Yemen, the poorest of the Arab states, although Syria is comparably ravaged now, has been a scene of conflict for many years. At one time it was two states. The British, trying to hold on in the Middle East, fought Egyptian-backed Yemenis there at one point. The Sunni-Shiite schism is one fault line in the place, although not the only one.

The best thing that could happen at this point is that, starting with the United States, now, all foreign players walk off the bloody field of play, leaving it to the Yemenis themselves to work it out. Nobody, starting with the U.S., helps the Yemenis or themselves by remaining engaged.

Saudi Arabia, in spite of its brave new world of women drivers and the crown prince, will only get itself into deeper trouble by continuing a war it cannot win, even with U.S. and Israeli help. Eventually the Iranians and the Houthis will take the Yemeni conflict deeper into the archaic monarchy, inevitably revealing its fragility and vulnerability in the 21st century.

Iran definitely has other fish to fry. Its economy is shaky. Israel is still busily trying to egg on the United States to attack Iran. Its economic problems, accentuated by Mr. Trump’s having withdrawn the United States from the agreement with China, France, Germany, Russia and the United Kingdom, are producing conflict between its reasonable president, Hassan Rouhani, and its more extreme supreme leader, Ali Khamanei.

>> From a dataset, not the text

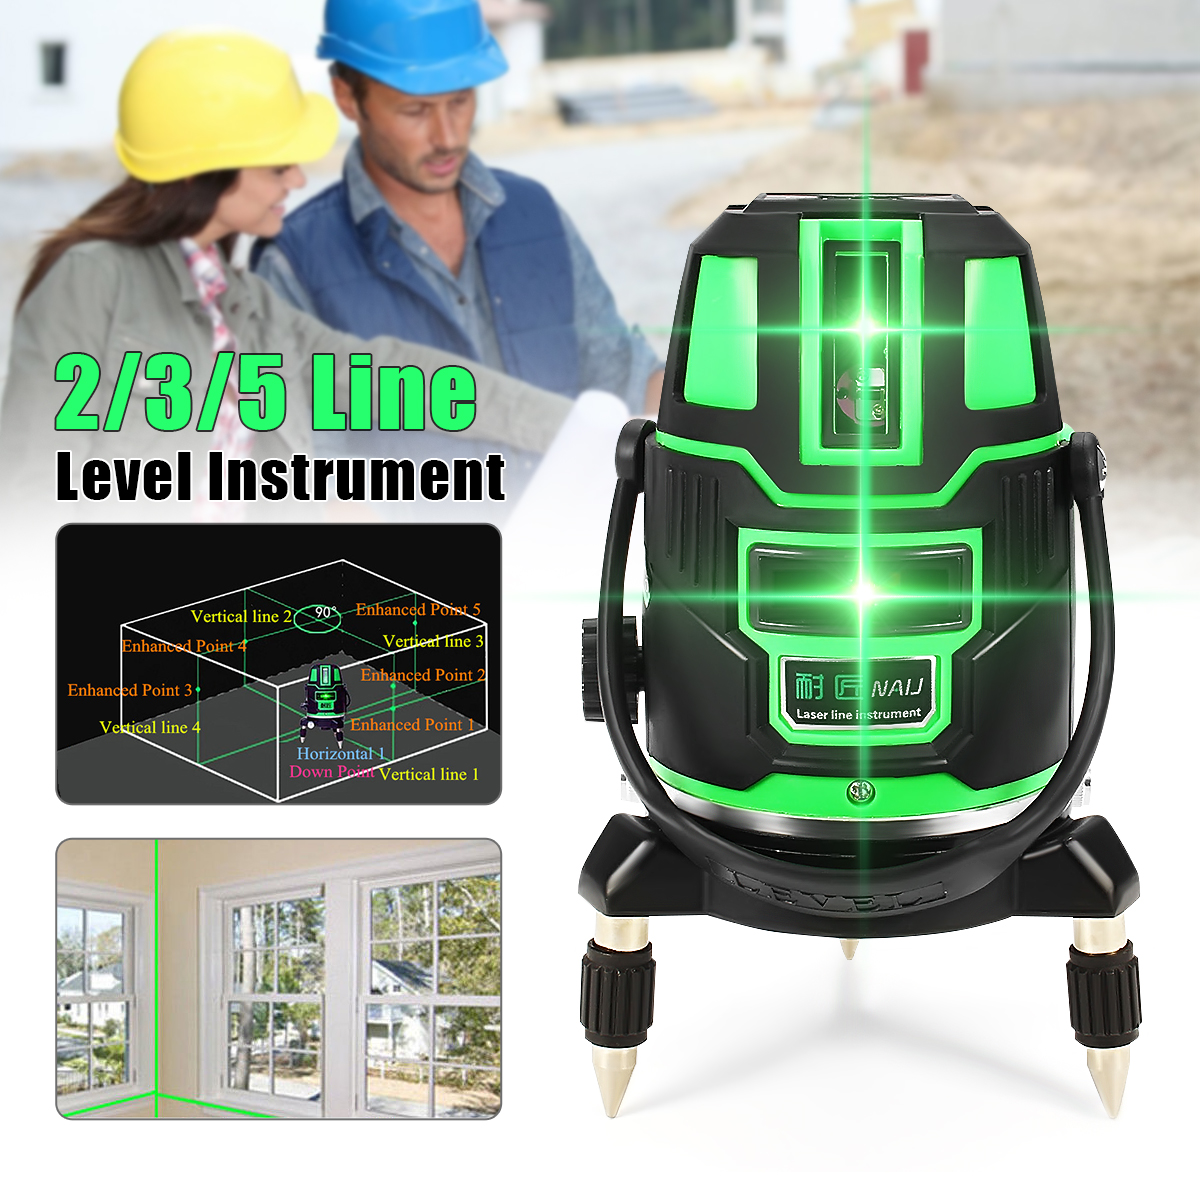 Green Laser Level 2/3/5 Cross Lines Self Leveling 360 Rotary Measure Tool Set US Plug Radius Indoor/Outdoor Alternating Direct

The UAE will drop out if Saudi Arabia and the United States walk away. Russia doesn’t care much and is still licking its wounds from the expensive Syrian conflict. Israel is too far away to play in Yemen directly, independently or decisively.

As far as America is concerned, bombing a busload of children in cooperation with Saudi Arabia and fighting on the same side as al-Qaida, the Saudis’ ally, our 9/​11 attacker, requires a greater lack of principles than the majority of Americans can muster. As far as staying neutral between Canada and Saudi Arabia because Mr. Trump prefers Crown Prince Mohammed to Canadian Prime Minister Justin Trudeau, that position is way beyond silly, suggesting, instead, deteriorating intellectual capacity on his part.